Living Almost Large said...

My mom retired at 55 no problems. Depends on the situation. And she's not alone. Many people her age and older retired from the state with a very generous pension. She was a social worker to boot. She really doesn't have to worry after working for 35 years and getting 70% of her income for life. The state? Well that state is now in the crapper for promising all these pensions.

Grace. said...

Really, LAL? It was the pensions for state workers that got your state and our country in the current economic mess? Not the banks? Not the SEC? Not the laissez-faire Bush years? Not people's use of their homes as piggy banks? Not the corporate greed?

Living Almost Large said...

Here's the deal, they promised free medical premiums for every one and their spouses for life after retirement. They didn't have to pay into the pension but got a pension for life. How do you fund a pension when there is 0% pay in?

I think they deserve it because they worked for it. But stupidity of the state to promise something that is financially impossible. Getting money from nothing.

I think that lot of problems occurred because we didn't consider the long term. People didn't save and used homes as ATMs. Banks allowed it. People bought homes they couldn't afford, hence foreclosures. The gap widens between rich and poor.
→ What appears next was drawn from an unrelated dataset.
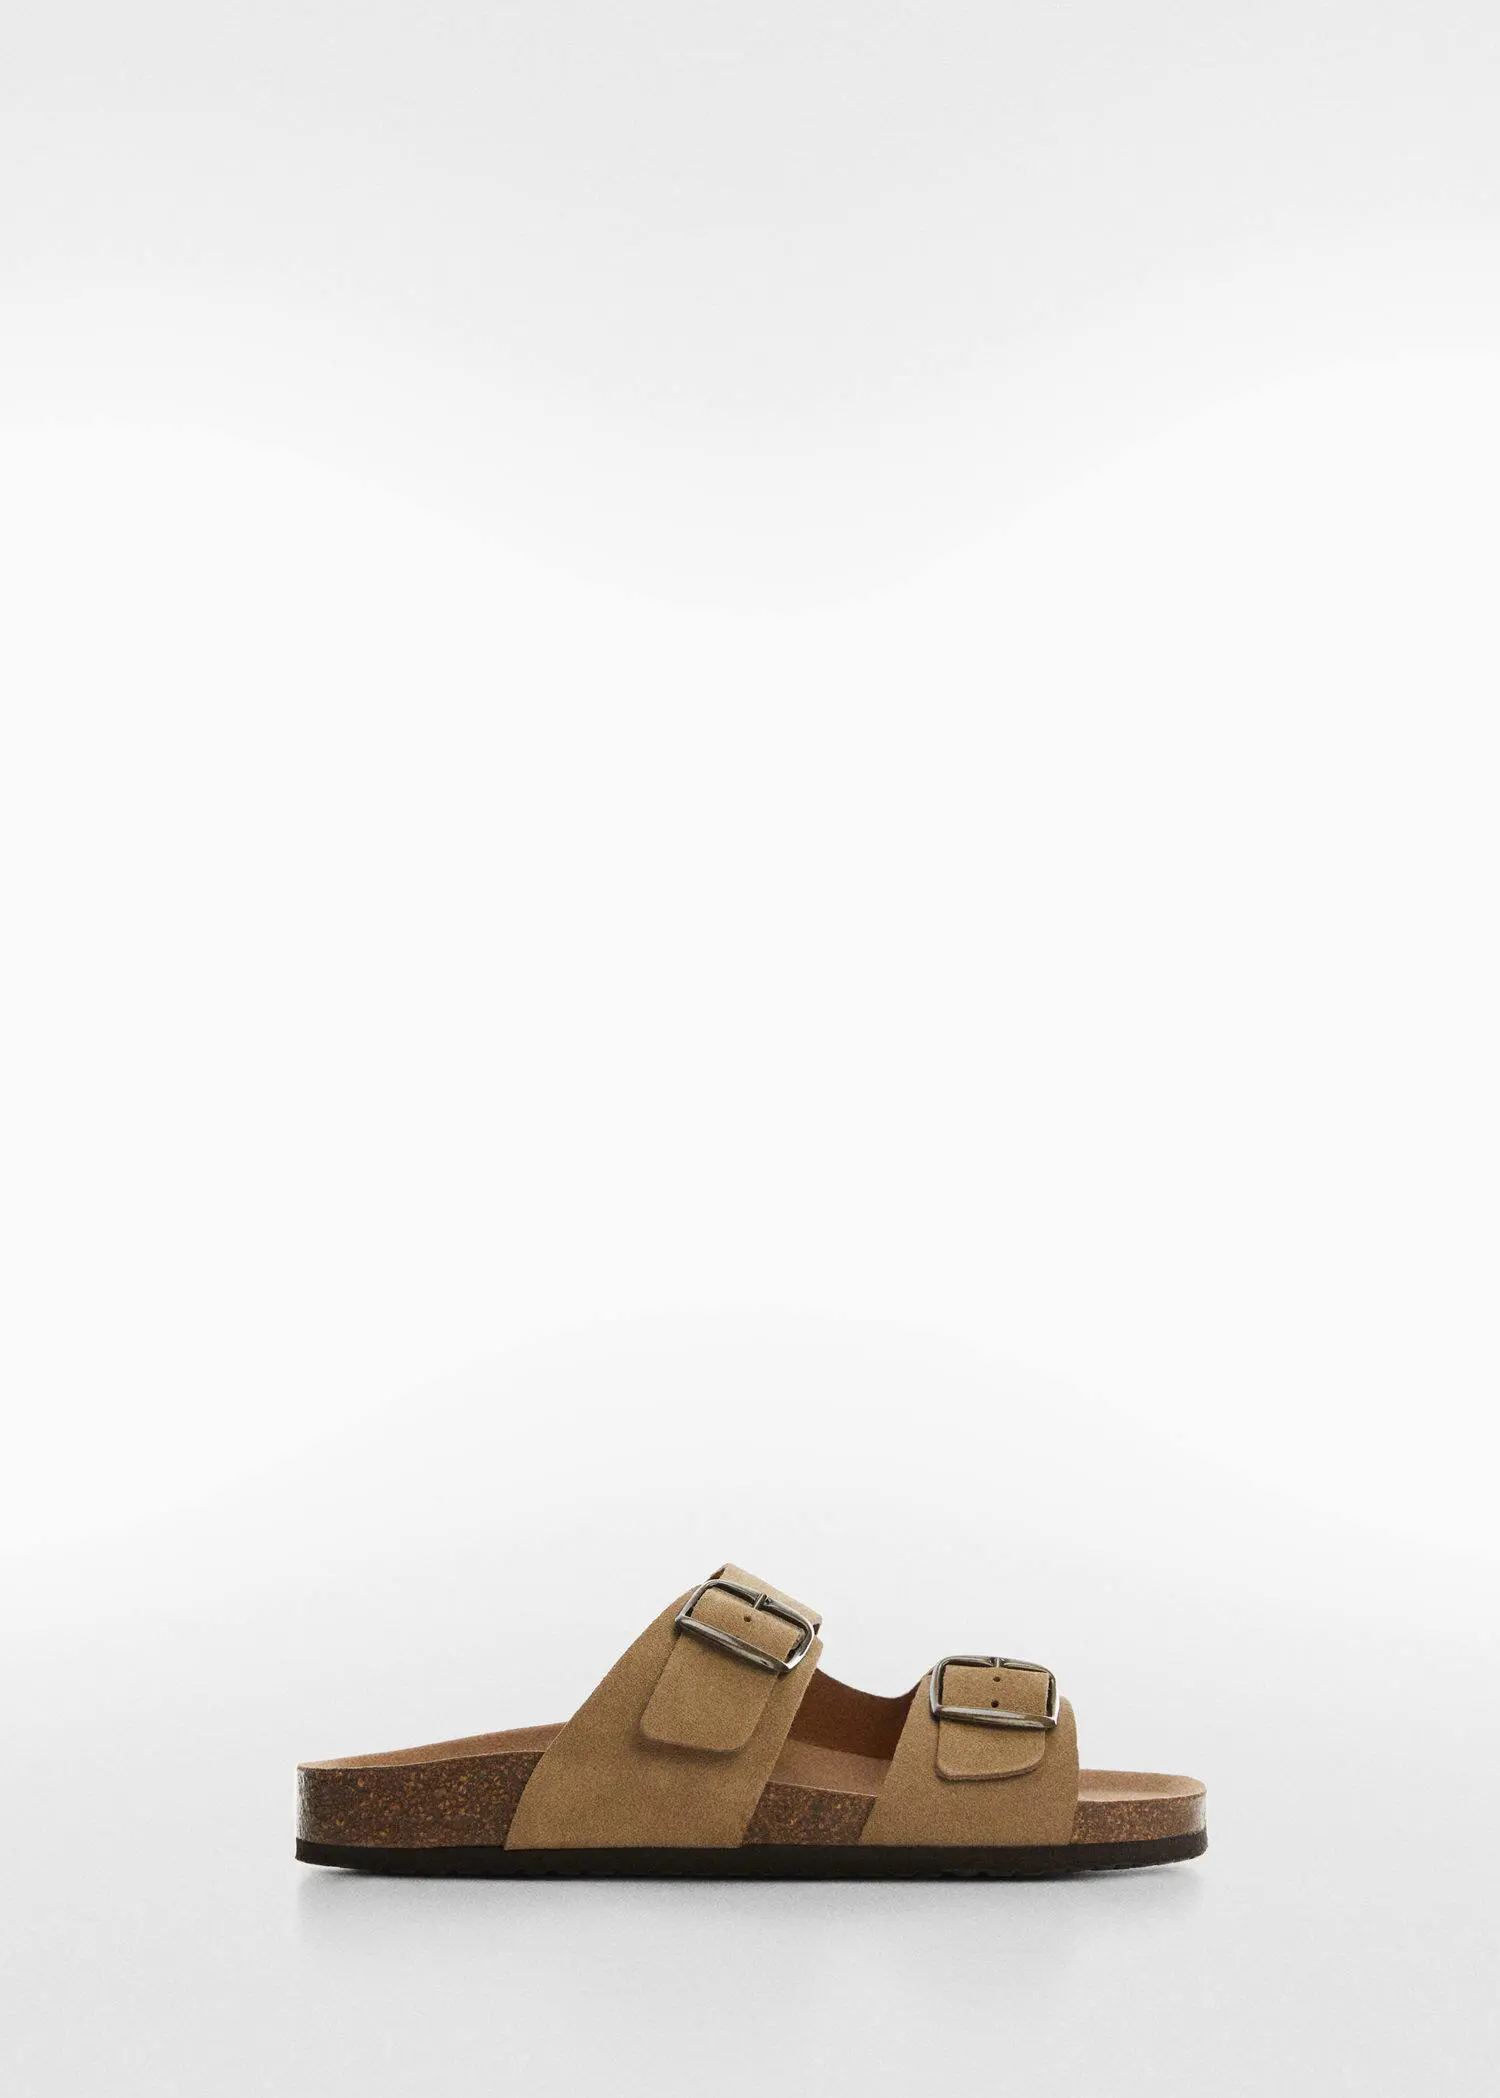 Mango Split leather sandals with buckle. a pair of brown sandals sitting on top of a white surface.

I don't think that reality has set in yet. Too many boomers still have pensions. Give it another 20 years when people who mostly don't have pensions start to retire. Then see what happens when they actually have to live on what they saved.

Grace. said...

My father didn't graduate from high school. He was a longshoreman. He retired with a pension and lifelong healthcare. I have a post-graduate college degree. My employer contributes 6% to my 401(k) but that only started 20 years ago. Bottom line? My retirement is taking a lot more work than my dad's.
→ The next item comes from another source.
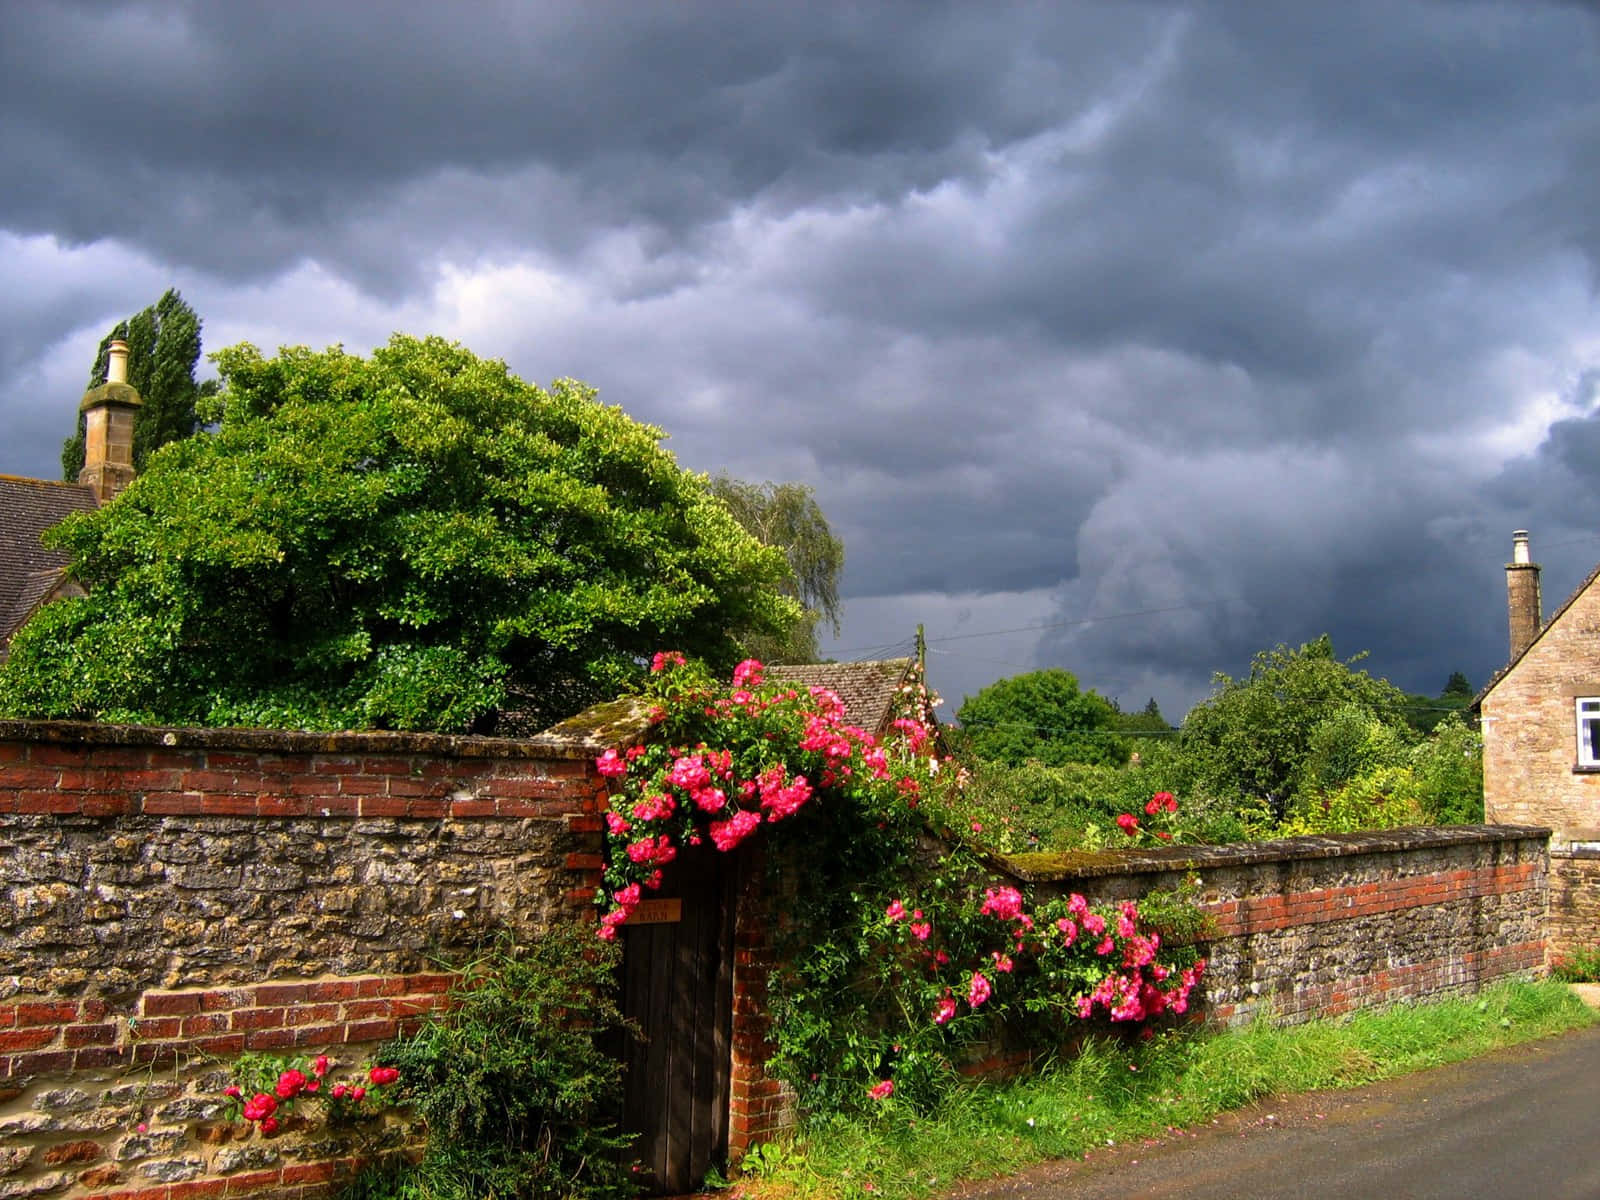 Stormy Skies Over English Countryside Wallpaper

There are a lot of reasons for this recession and not many of them have anything to do with the pensions of state workers. It galls me that politicians try to make these folks (I'm NOT one of them) the fall guys for two decades of bad economic policies and corporate greed.

Josie said...

LAL, you're painting with a pretty broad brush there. A lot of people DID consider the long term, but the rules changed in the middle of the game.

Not all of us used our homes as an ATM, or took out mortgages we couldn't afford, or live large on a small income.
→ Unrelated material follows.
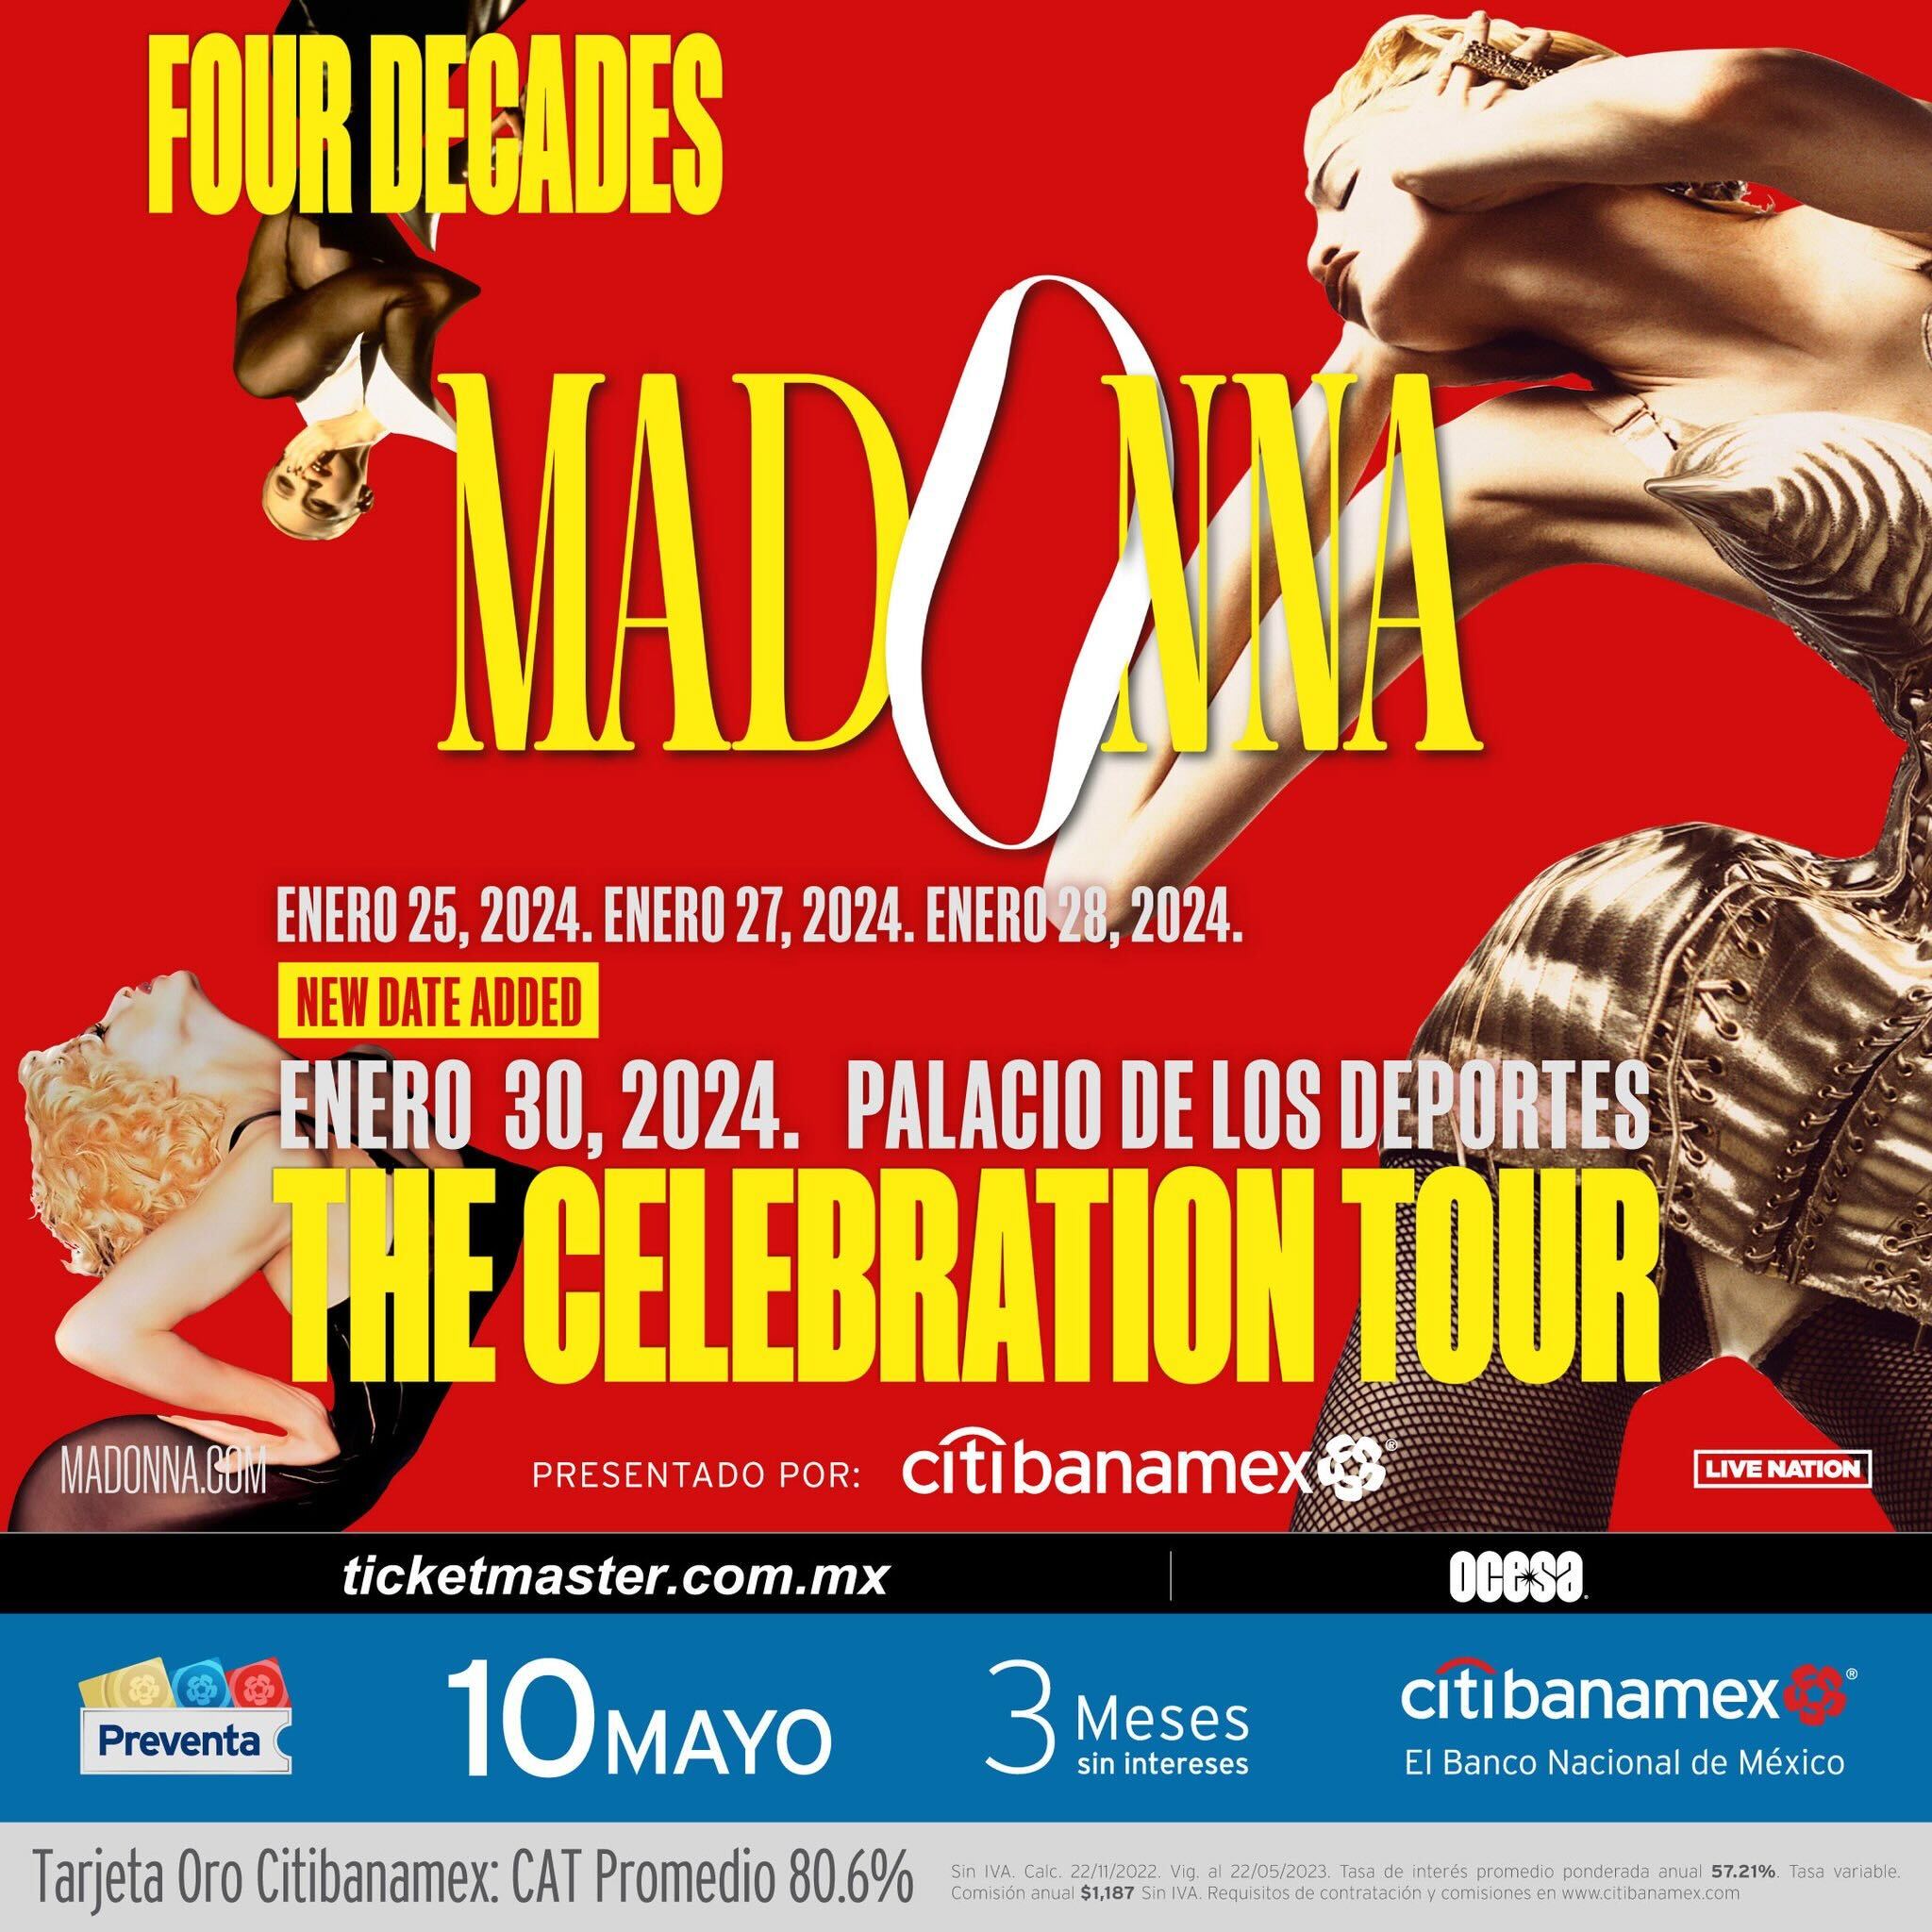 Prices, dates and everything about Madonna's concerts in Mexico for her 40-year career

I echo Grace's sentiments about politicians and media blaming the financial mess on state pensions and unions, etc. This country had a `casino economy' for decades - whatever could go round, did go round, and regulating anything at all went straight out the door. Add to that 10 years of war financed by .... oh wait, that's right, they weren't financed! Point being, many causes to this problem.

A lot of people did scrimp and save, and still DO, and aren't any the better for it through very little if any fault of their own.

freedowload said...
This comment has been removed by a blog administrator.
MasterPo said...

Grace - State pensions and retirement bennies the cause for the recession? Probably not. It it surely is a reason we are now in this funk and can't get out.

So if a person made $80,000 at retirement, retires at 65 and lives another 20 years that means the state has to pay them $56,000/yr for doing nothing. That's equal to a decent wage for a working person! (and that doesn't include the healthcare coverage)

Then add in disability, cashing in unused sick or vacation time for more pension $$$, etc and it really adds up.

The other key factor NOT to be over looked is the VAST majority of private sector workers (union and non) don't have anywhere near all that retirement bennies.

Living Almost Large said...

Exactly it's compounded. The pensions are costing a lot and they are taking away jobs from people.

It's not an easy thing to fund pensions while growing the jobs for people. There's a reason why it's an unsustainable model.

And a lot of people do not have pensions and have no idea how to retire with the idea of saving money. Not many people 60+ have no pension. If that's the case they are still okay.

But those who don't have pensions now are preparing more because they realize it. But there are those who realize it.